[Openmcl-devel] Shortcircuiting of argument evaluation in #'<

Pascal J. Bourguignon pjb at informatimago.com
Wed Jan 9 11:04:49 PST 2013


Ron Garret <ron at flownet.com> writes:

> IMO this is a bug in the spec, not CCL.  (< a b c ...) ought to mean
> (and (< a b) (< b c) ...) , not (let* ((a_ a) (b_ b) ...) (< a_ b_ c_
> ...)).  Putting side-effecting code inside a comparison operator is a
> Truly Horrible Idea (which is even worse than the previously
> trademarked Really Bad Idea) and any programmer who wants to write
> code that relies on it ought to bear the burden of expanding his code
> into the corresponding LET* rather than impose the burden of running
> dead code on the entire extant code base.  That is too high a price to
> pay.  The spec is not scripture.

What prevents you to write either:

    (defmacro lt (&rest args)
      `(and ,@(loop for (a b) on args while b collect `(< ,a ,b))))

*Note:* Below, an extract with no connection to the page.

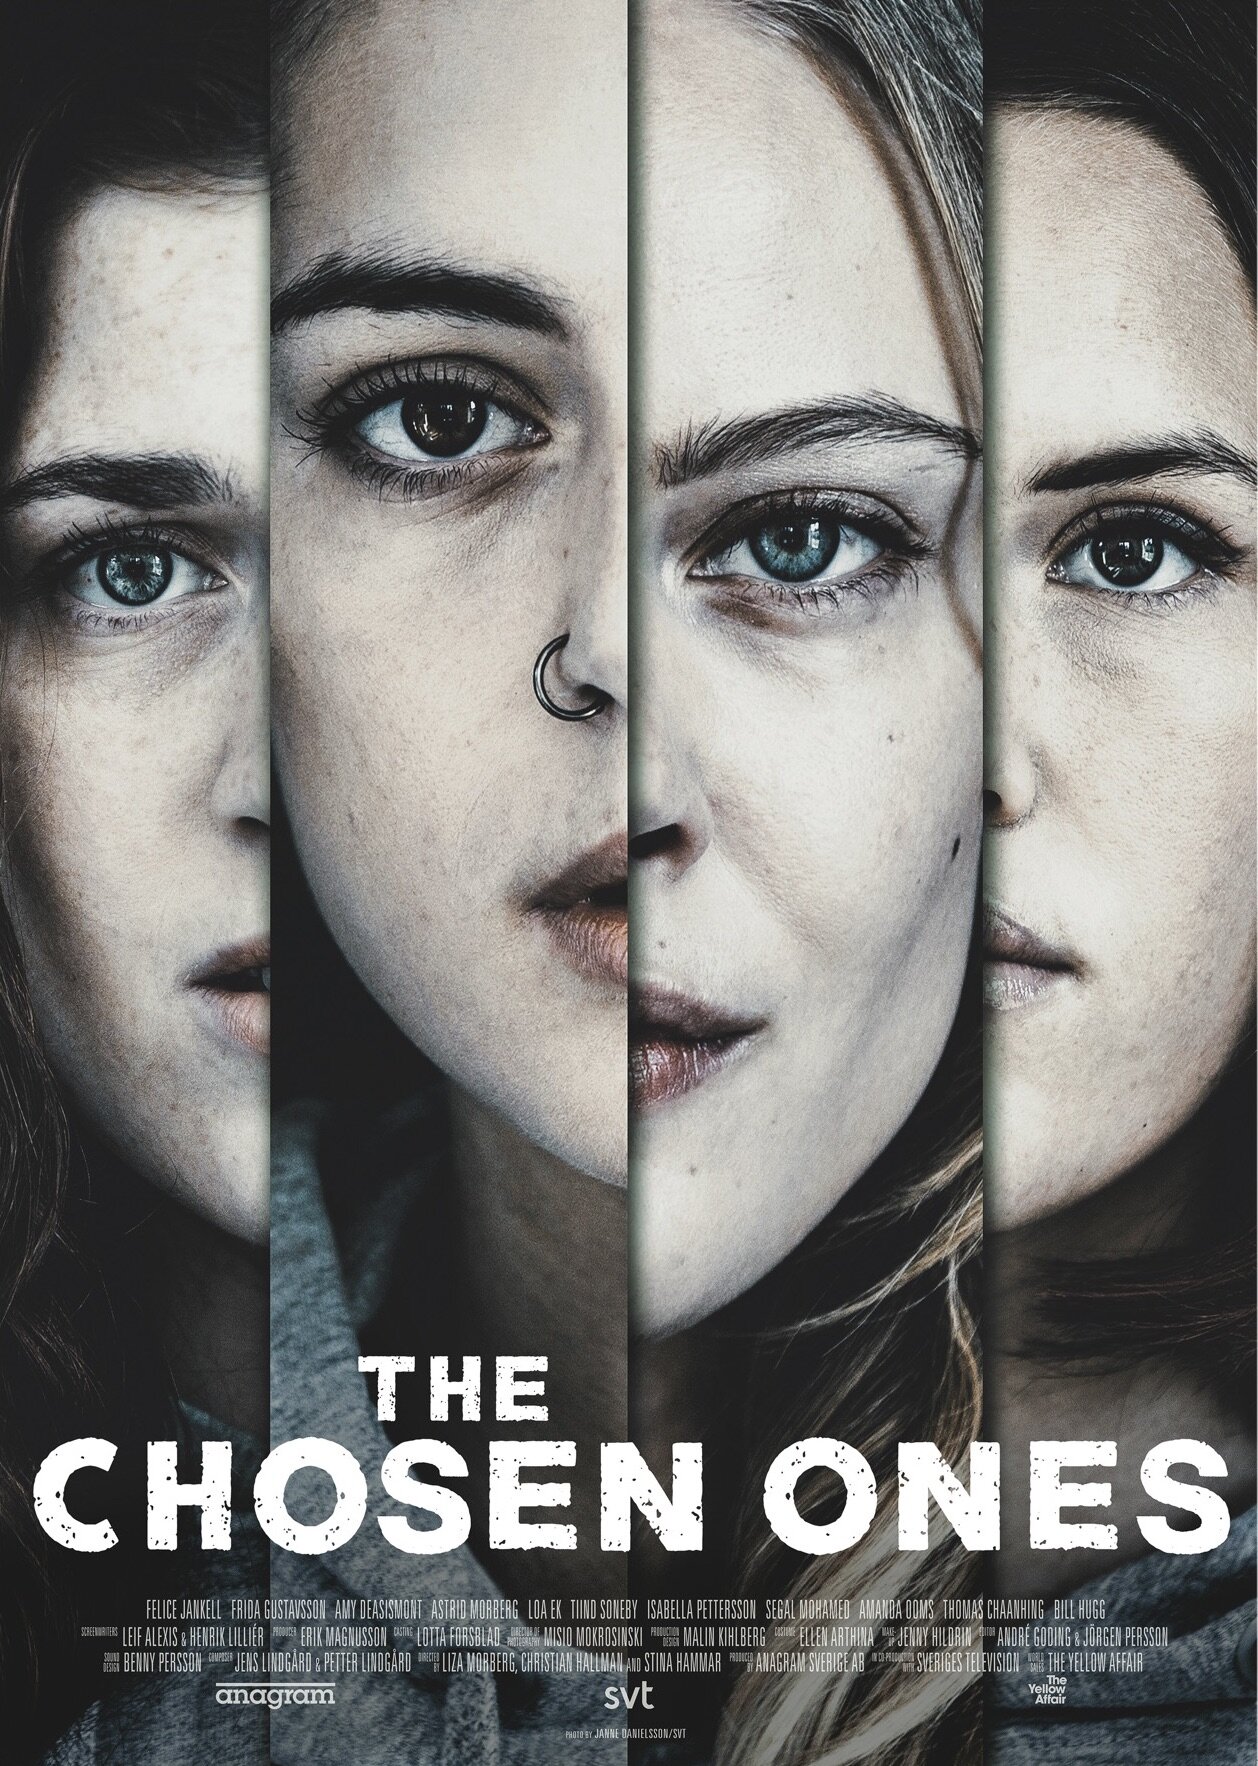 The Chosen Ones — THE YELLOW AFFAIR

    (lt 1 0 (error "Duh!"))

or

    (shadow '<)
    (defmacro < (&rest args)
      `(and ,@(loop for (a b) on args while b collect `(cl:< ,a ,b))))

    (< 1 0 (error "Double-Duh!"))

?

The spec is the scripture, by definition.
Happily:

1- you can write your own packages using your own packages (shadow,
   use-package, etc).

2- an implementer can define a subset of Common Lisp.

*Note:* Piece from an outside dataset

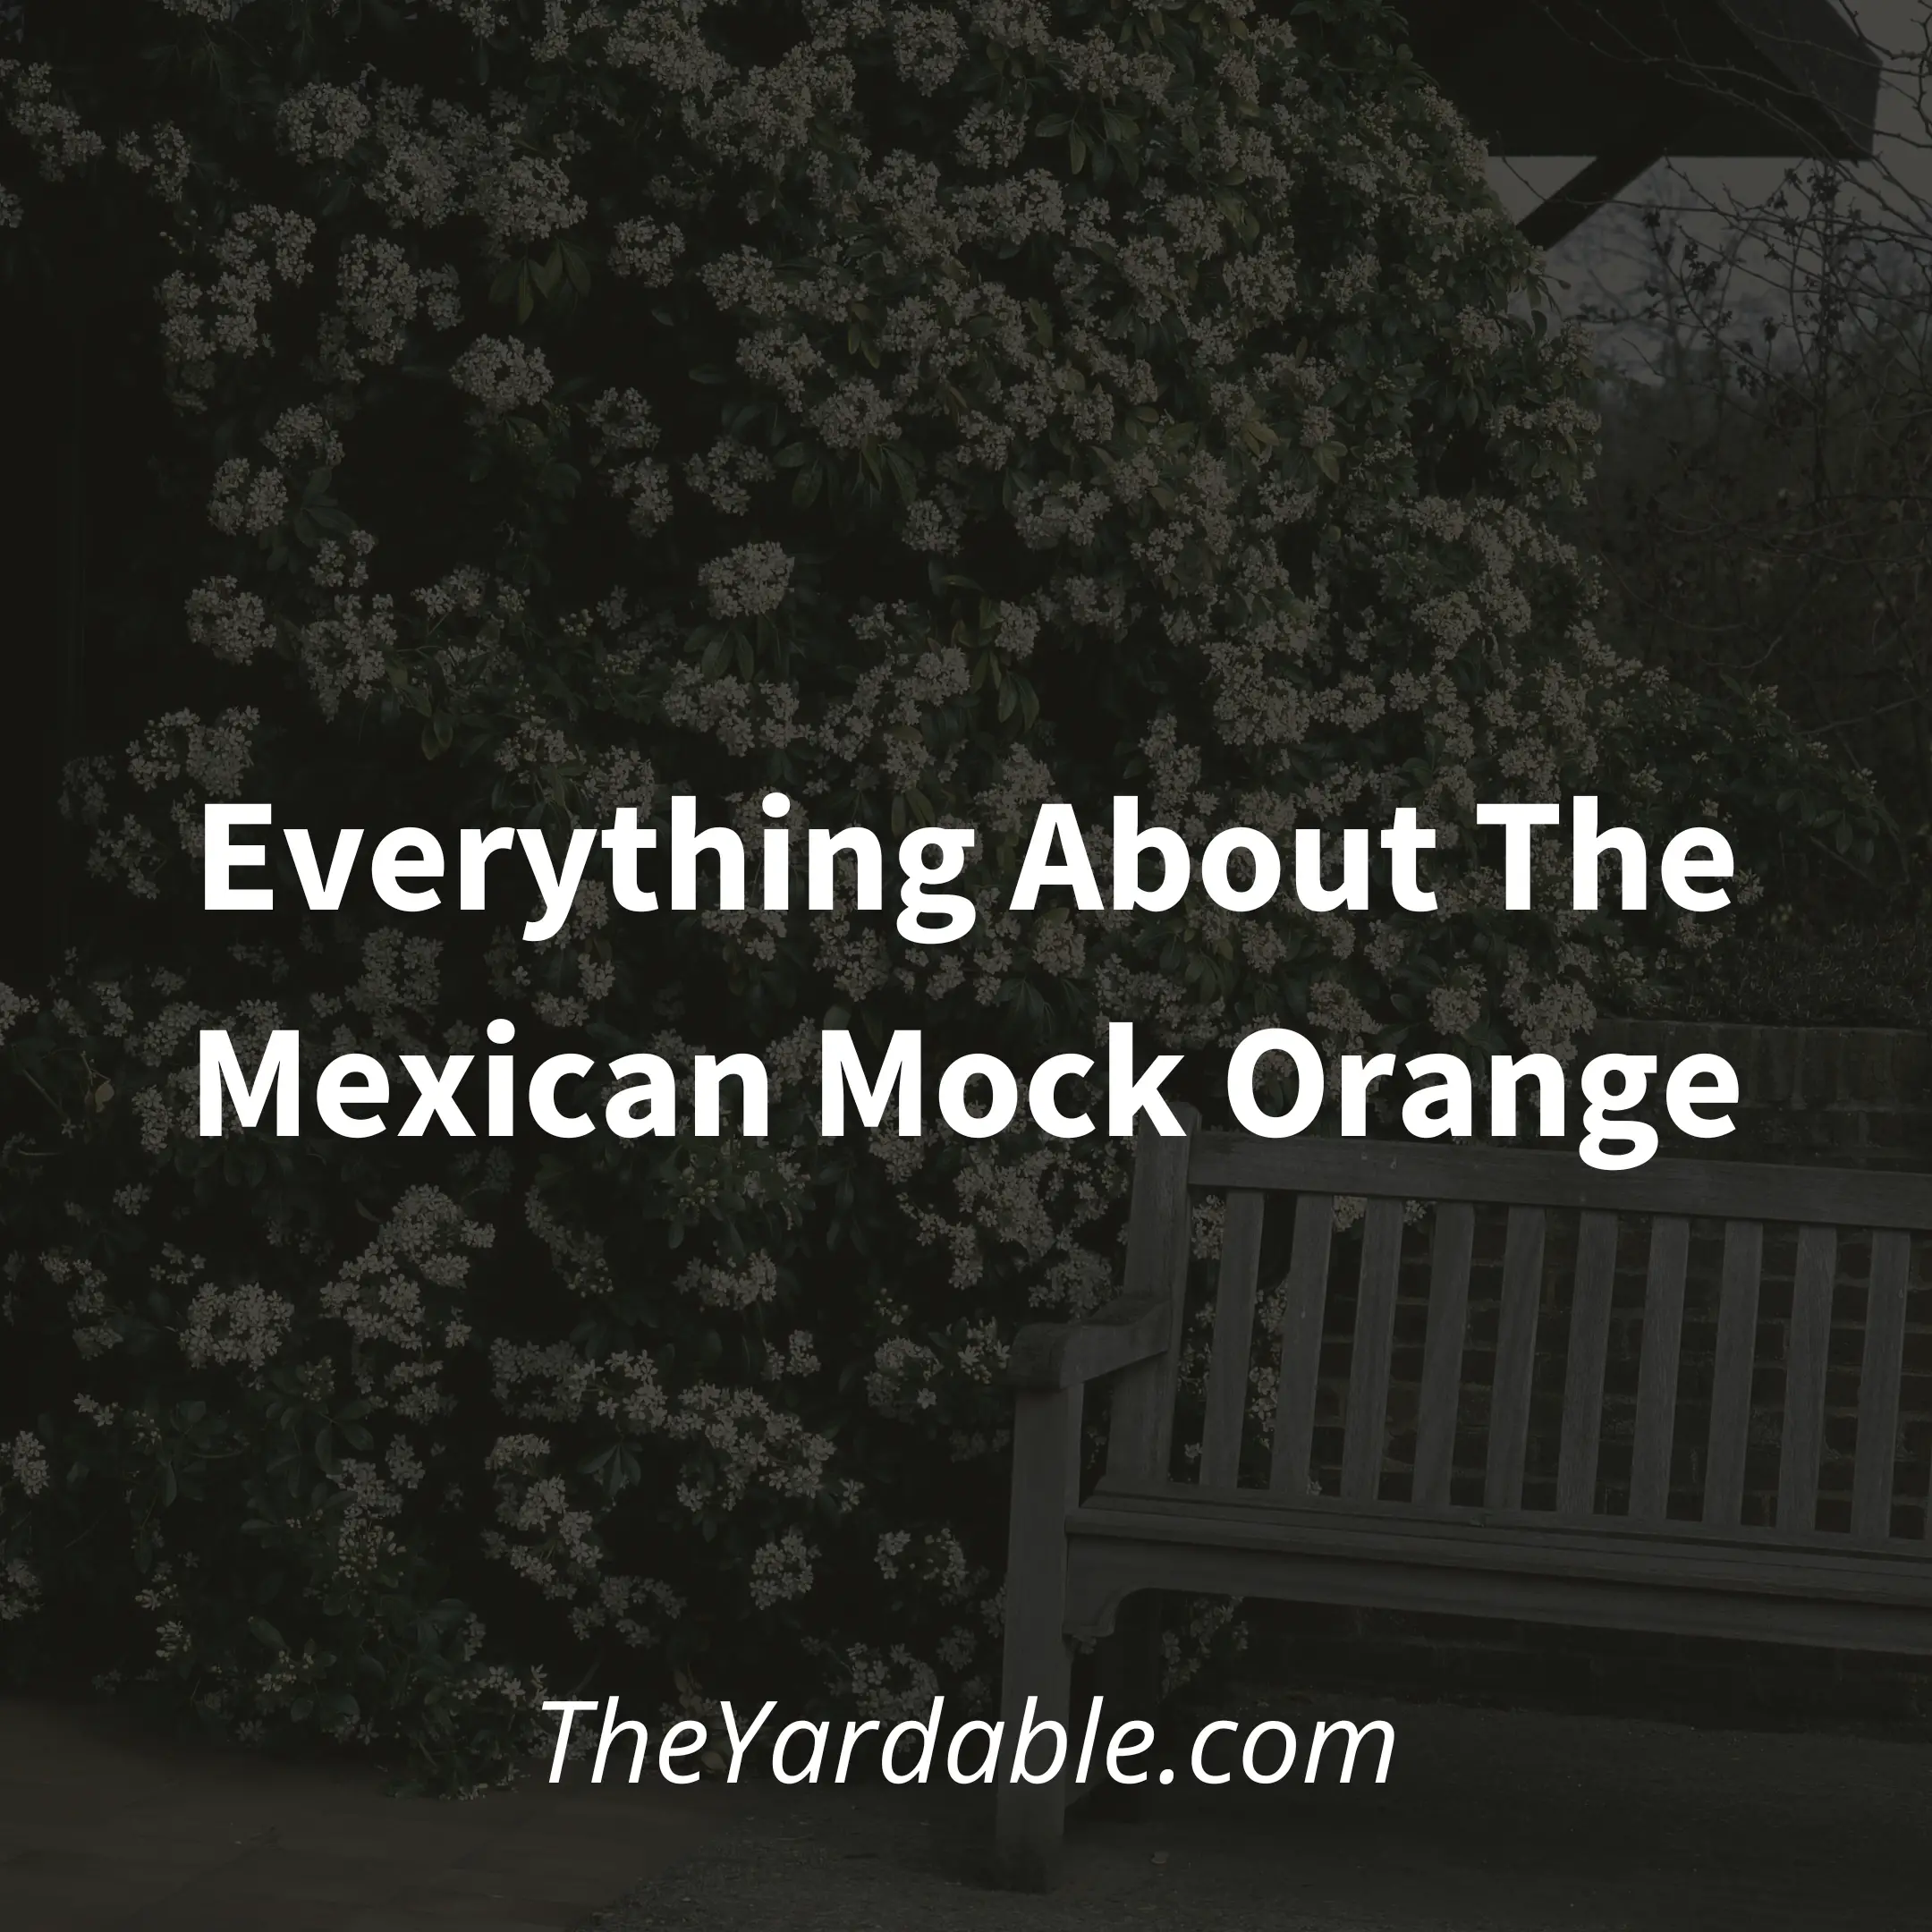 Mexican Mock Orange: Everything About The Choisya Ternata

3- an implementer can define a superset of Common Lisp.

4- an implementer can define a different lisp than Common Lisp.

5- a user can use a different lisp than Common Lisp.  Good luck building
   the network effect that may be wanted. (Clojure seems to be able to
   do so, so it's not impossible).

-- 
__Pascal Bourguignon__                     http://www.informatimago.com/
A bad day in () is better than a good day in {}.